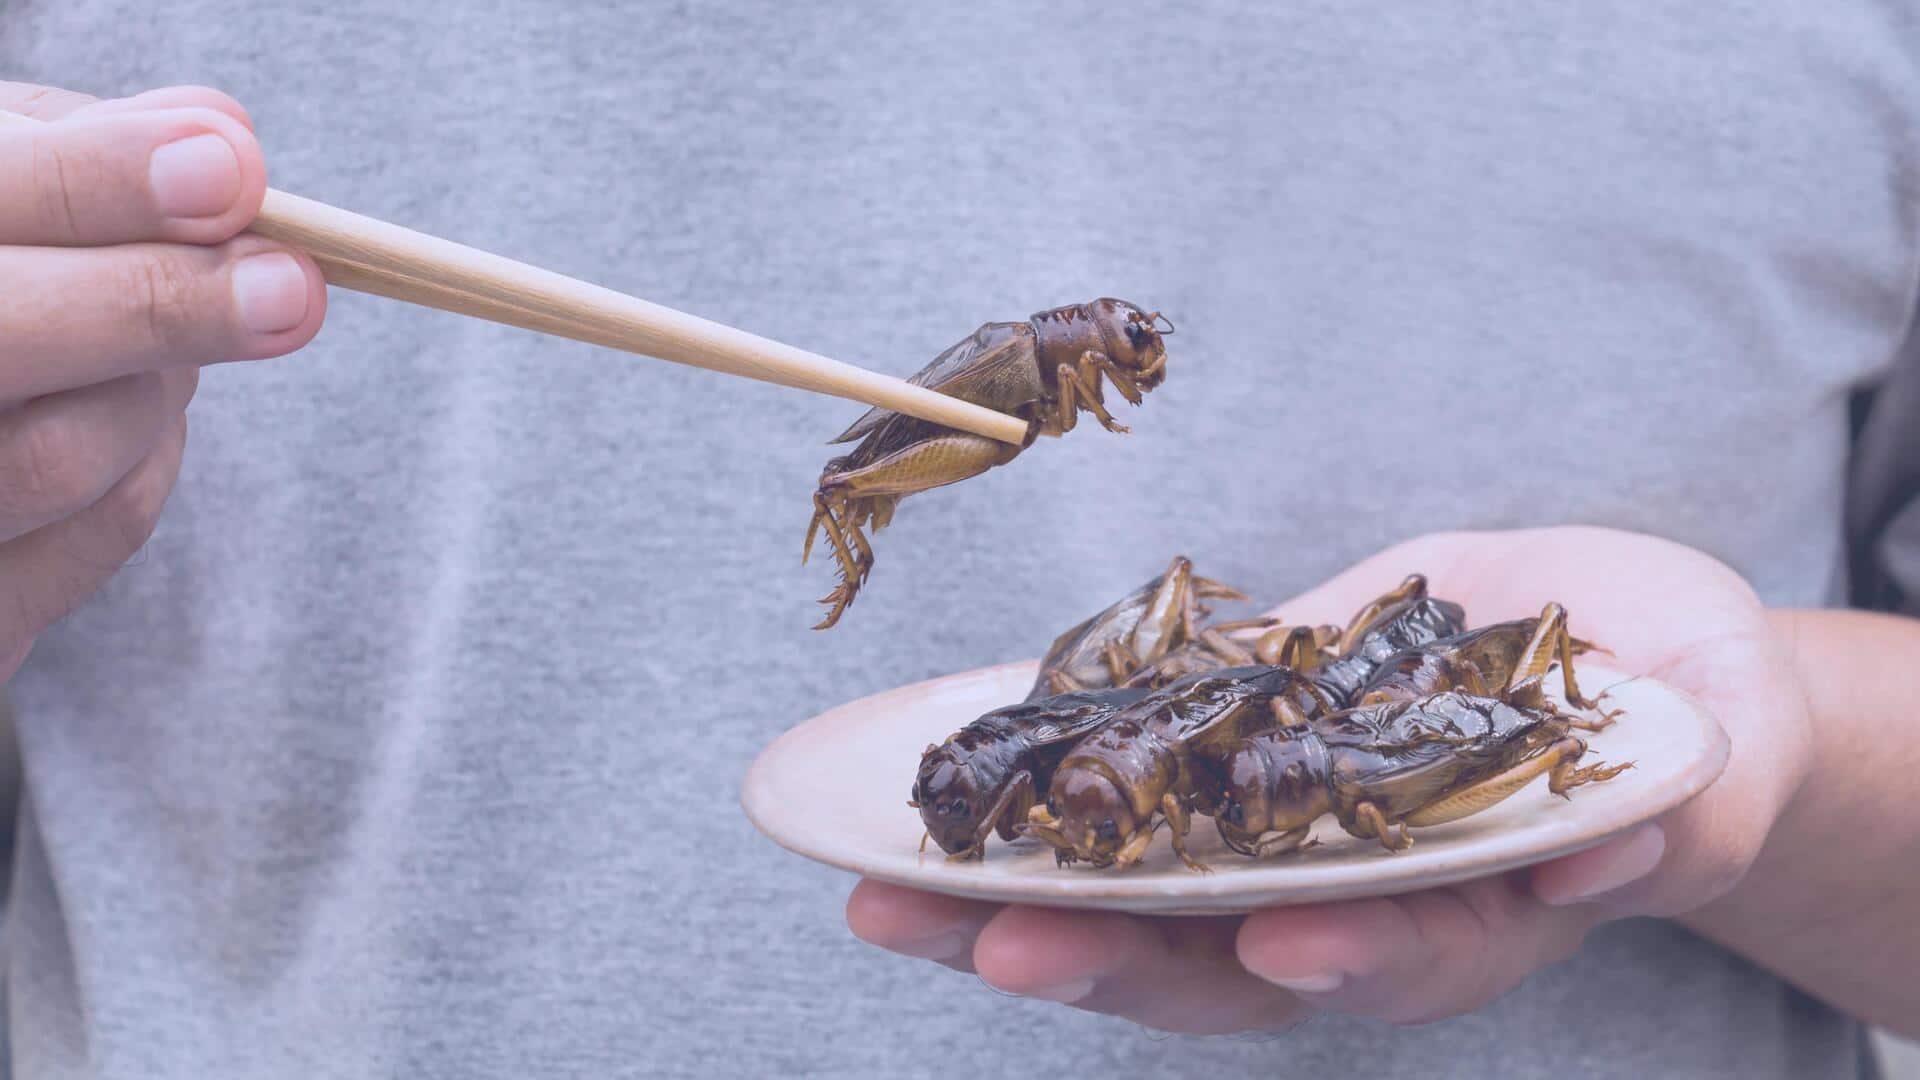 How eating insects could help save the planet
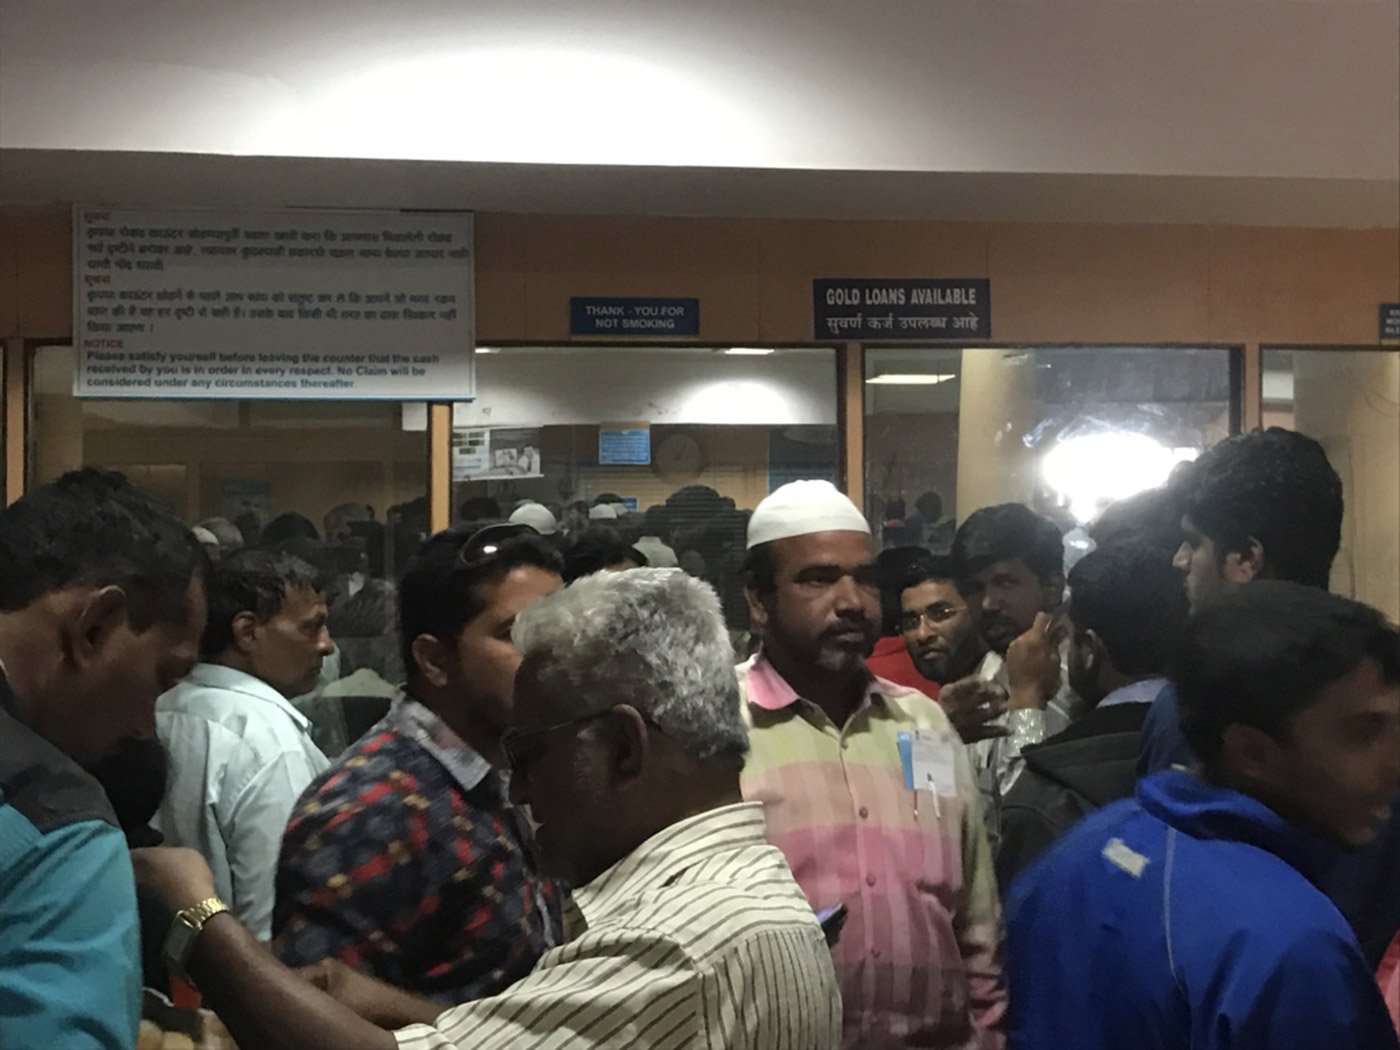 Frustrated members of the public throng the inside of the Shahganj branch of the State Bank of Hyderabad. Outside, the queue is nearly a kilometre long
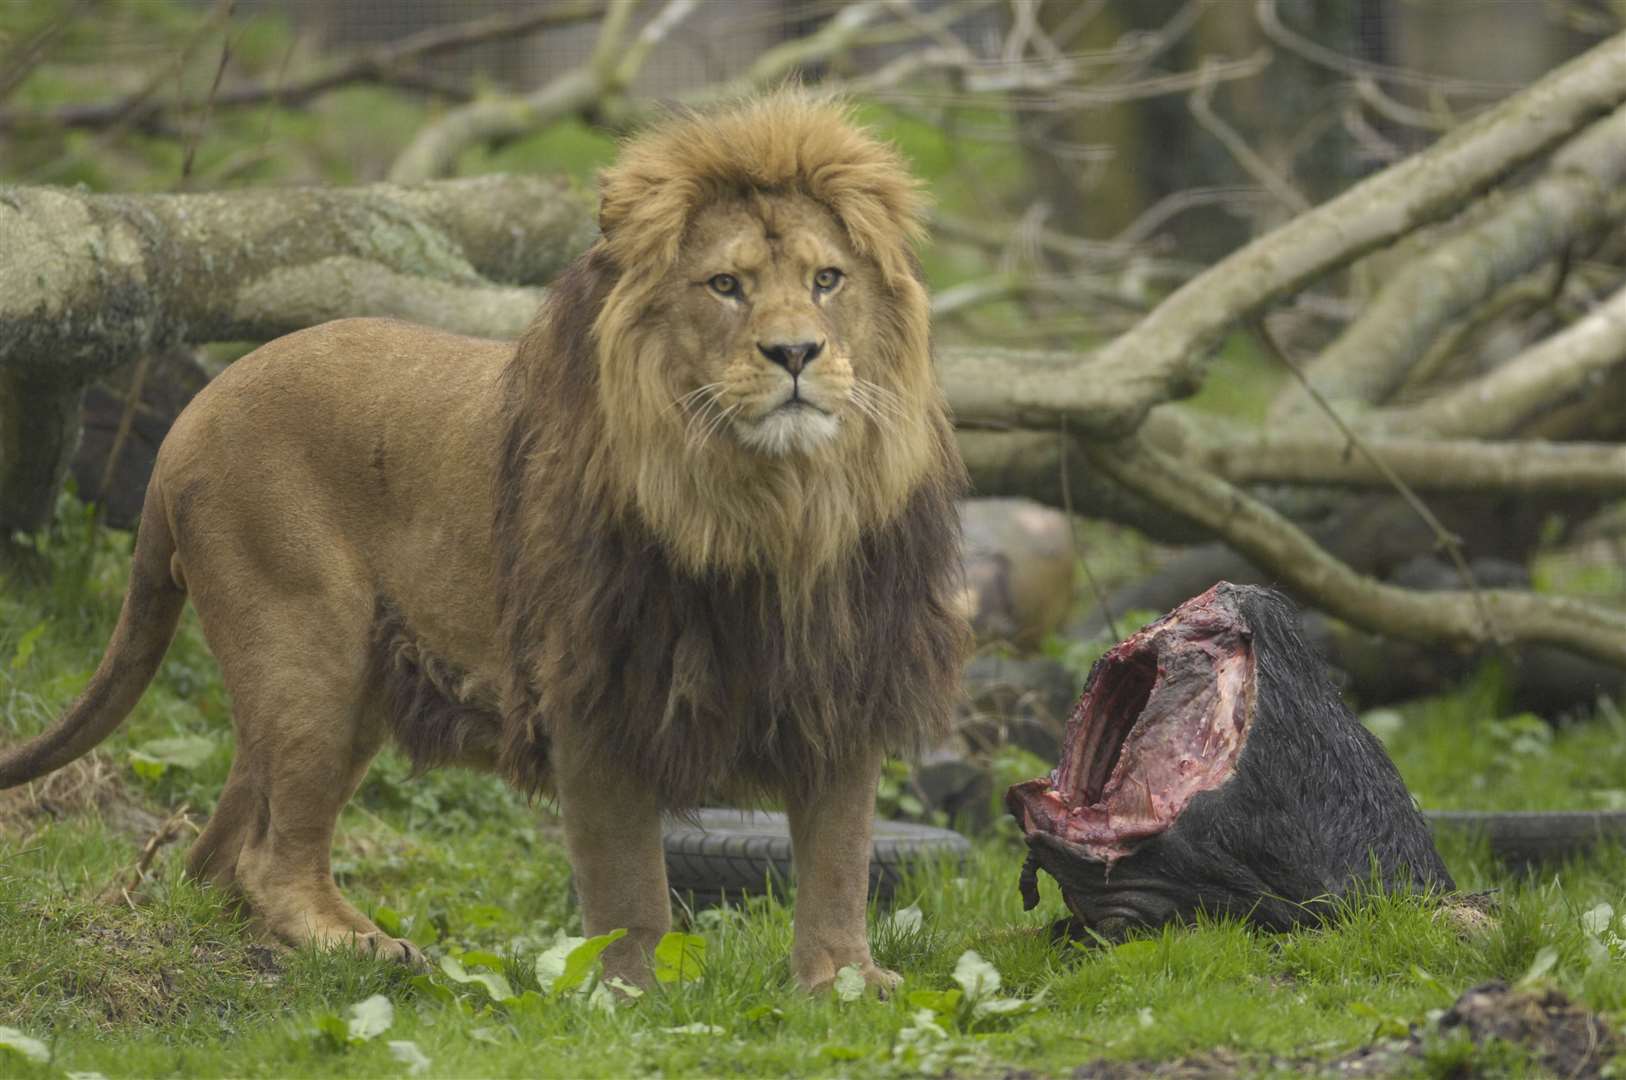 Barbary Lion may not get to see France

───

### ACTIVITY
Pictures excluded, write out exactly and only the lines of the material from the one containing "Frustrated members of" up to and including the last line.

### EXERCISE ANSWER
 Frustrated members of the public throng the inside of the Shahganj branch of the State Bank of Hyderabad. Outside, the queue is nearly a kilometre long
 Barbary Lion may not get to see France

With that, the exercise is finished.